Check all fuses supplying the SERM on this vehicle. Check out all the reasons for a SERM. Locate ground anchorage points on the vehicle and make sure these connections are clean and secure. If necessary, remove them, take a small wire bristle brush and baking soda / water solution and clean each one, both the connector and the place where it connects.

If any repairs have been made, clear the DTCs from any modules that set the code in memory and see if you can now communicate with the SERM. If communication with the SERM recovers, the problem is most likely a fuse / connection issue.

If the code returns or communication with the module still cannot be established, locate the CAN bus communication connections on your vehicle, most importantly the SERM connector, which is usually located behind the dashboard, usually in the center of the vehicle. Disconnect the negative battery cable before disconnecting the SERM connector. Once detected, visually inspect the connectors and wiring. Look for scratches, scuffs, exposed wires, burn marks, or molten plastic.

Disconnect the connectors and carefully inspect the terminals (metal parts) inside the connectors. See if they look burnt or have a green tint indicating corrosion. If you need to clean the terminals, use an electrical contact cleaner and a plastic bristle brush. Allow to dry and apply electrical grease where the terminals touch.
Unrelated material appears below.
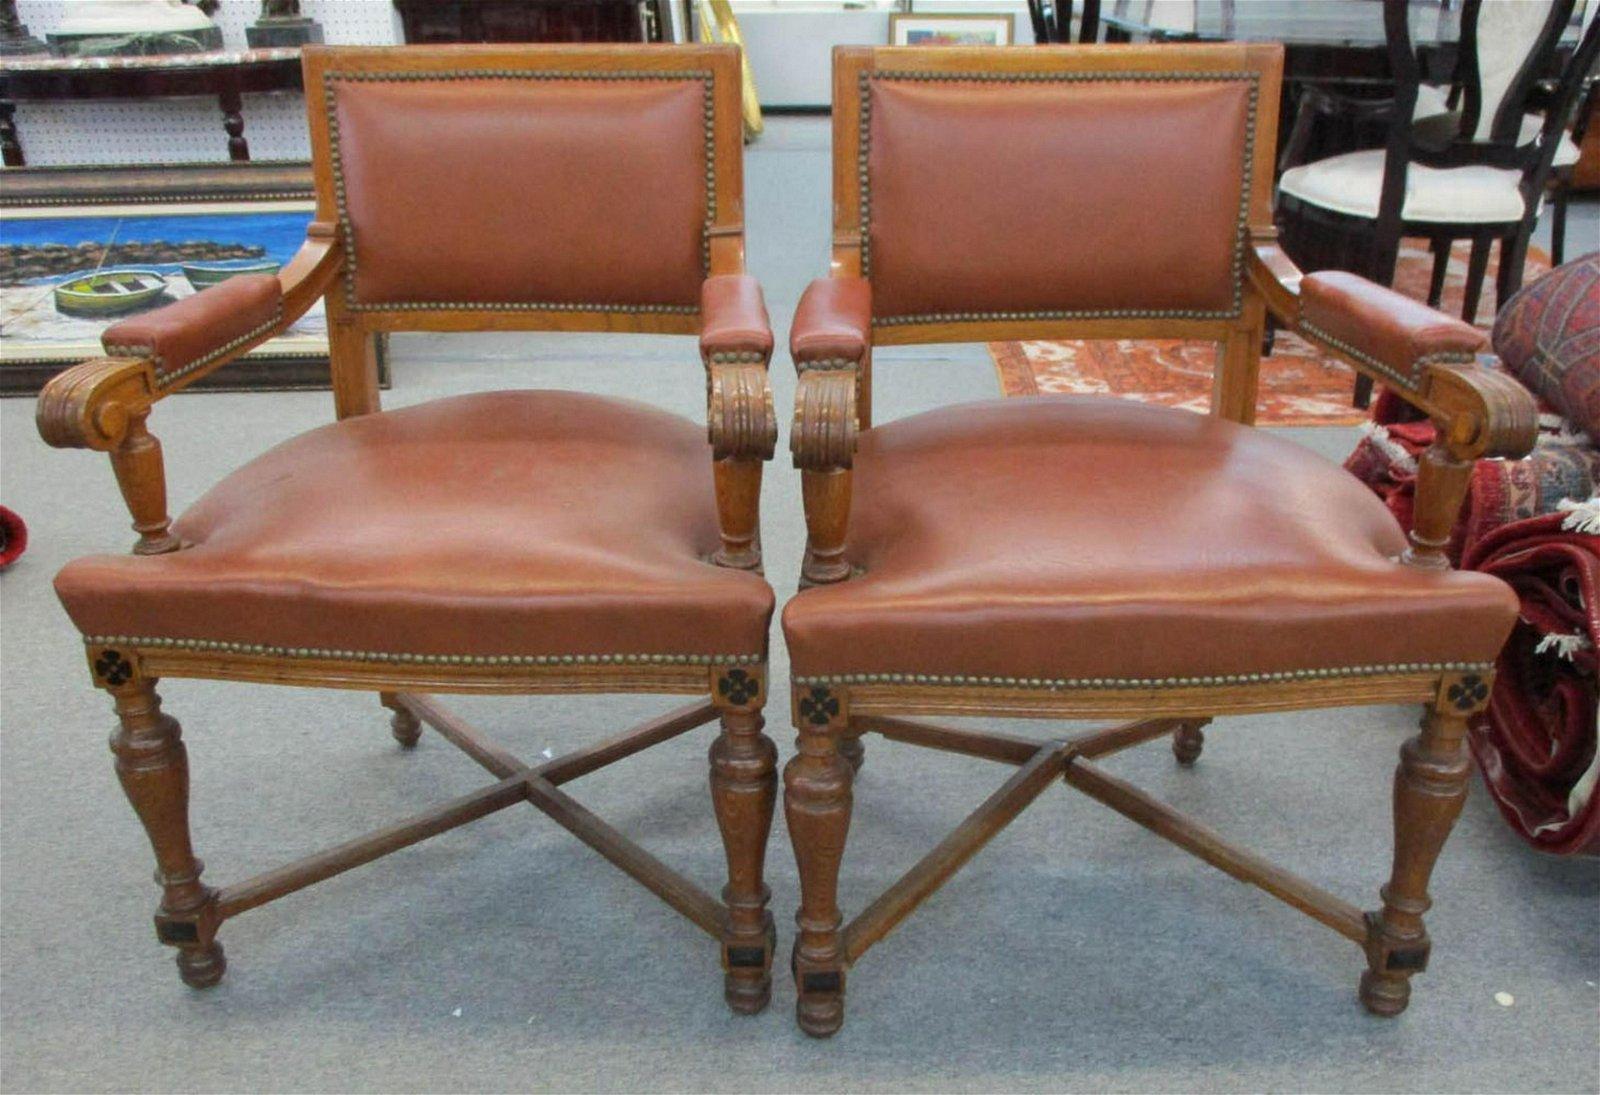 Pair of vintage European armchairs

Perform these few voltage checks before connecting the connectors back to the SERM. You will need access to a digital volt/ohmmeter (DVOM). Make sure the SERM has power and ground. Access the electrical diagram and determine where the main power and ground sources enter the SERM system. Reconnect the battery before proceeding with the SERM still disabled. Connect the red lead of your voltmeter to each B+ (battery voltage) power supply going into the SERM connector, and the black lead of your voltmeter to a good ground (if you're unsure, battery negative always works). You should see the battery voltage reading. Make sure you have a good reason. Connect the red lead of the voltmeter to the battery positive (B+) and the black lead to each ground circuit. Once again, you should see the battery voltage every time you connect. If not, repair the power or ground circuit.
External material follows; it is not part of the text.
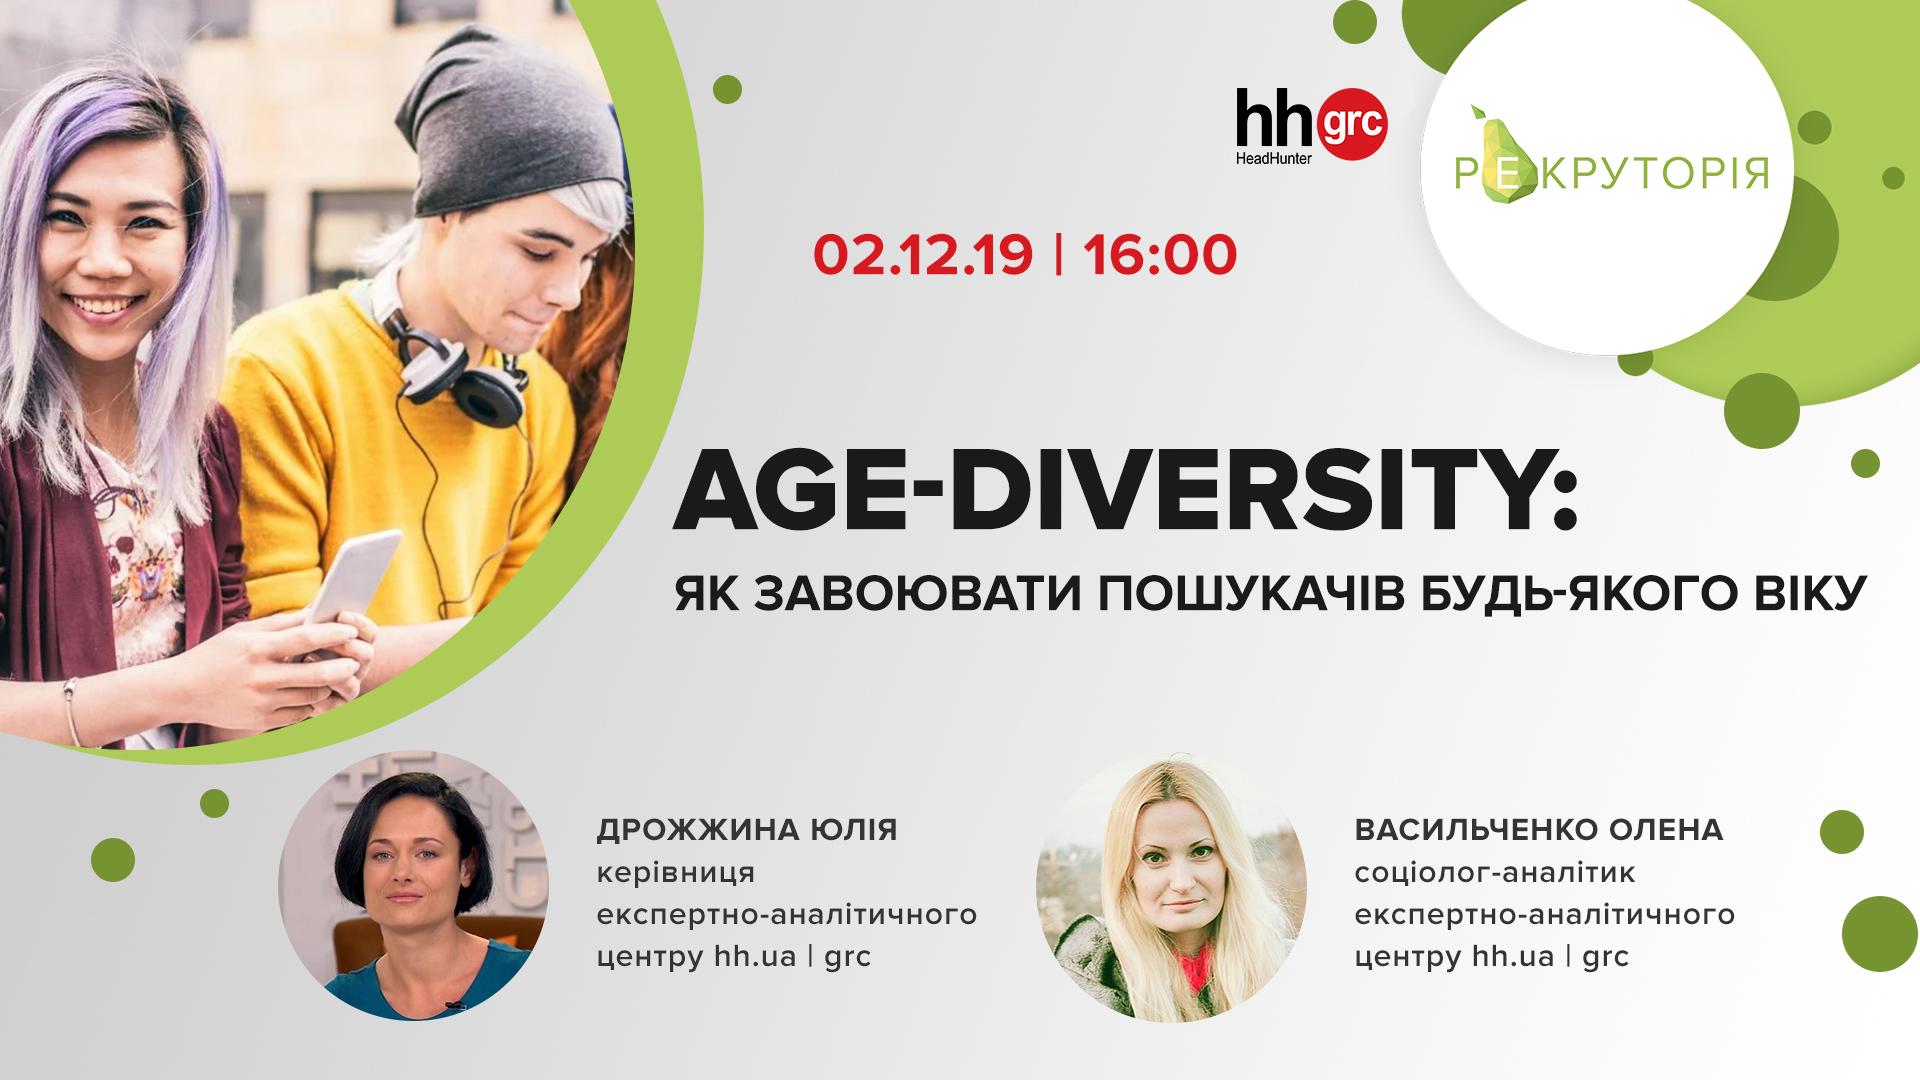 РЕКРУТОРІЯ: вебінар «Age-diversity: як завоювати пошукачів будь-якого віку» – 02/12/19

Then check the two communication circuits. Locate CAN C+ (or HSCAN+) and CAN C- (or HSCAN - circuit). With the black wire of the voltmeter connected to a good ground, connect the red wire to CAN C+. With the key on and engine off, you should see about 2.6 volts with little fluctuation. Then connect the red wire of the voltmeter to the CAN C- circuit. You should see about 2.4 volts with little fluctuation. Other manufacturers show CAN C- at about 5V and an oscillating key with the engine off. Check your manufacturer's specifications.

If all tests pass and communication is still not possible, or you were unable to reset DTC U0195, the only thing to do is to seek help from a trained automotive diagnostician as this will indicate a SERM failure. Most of these SERMs must be programmed or calibrated in order to properly install a vehicle.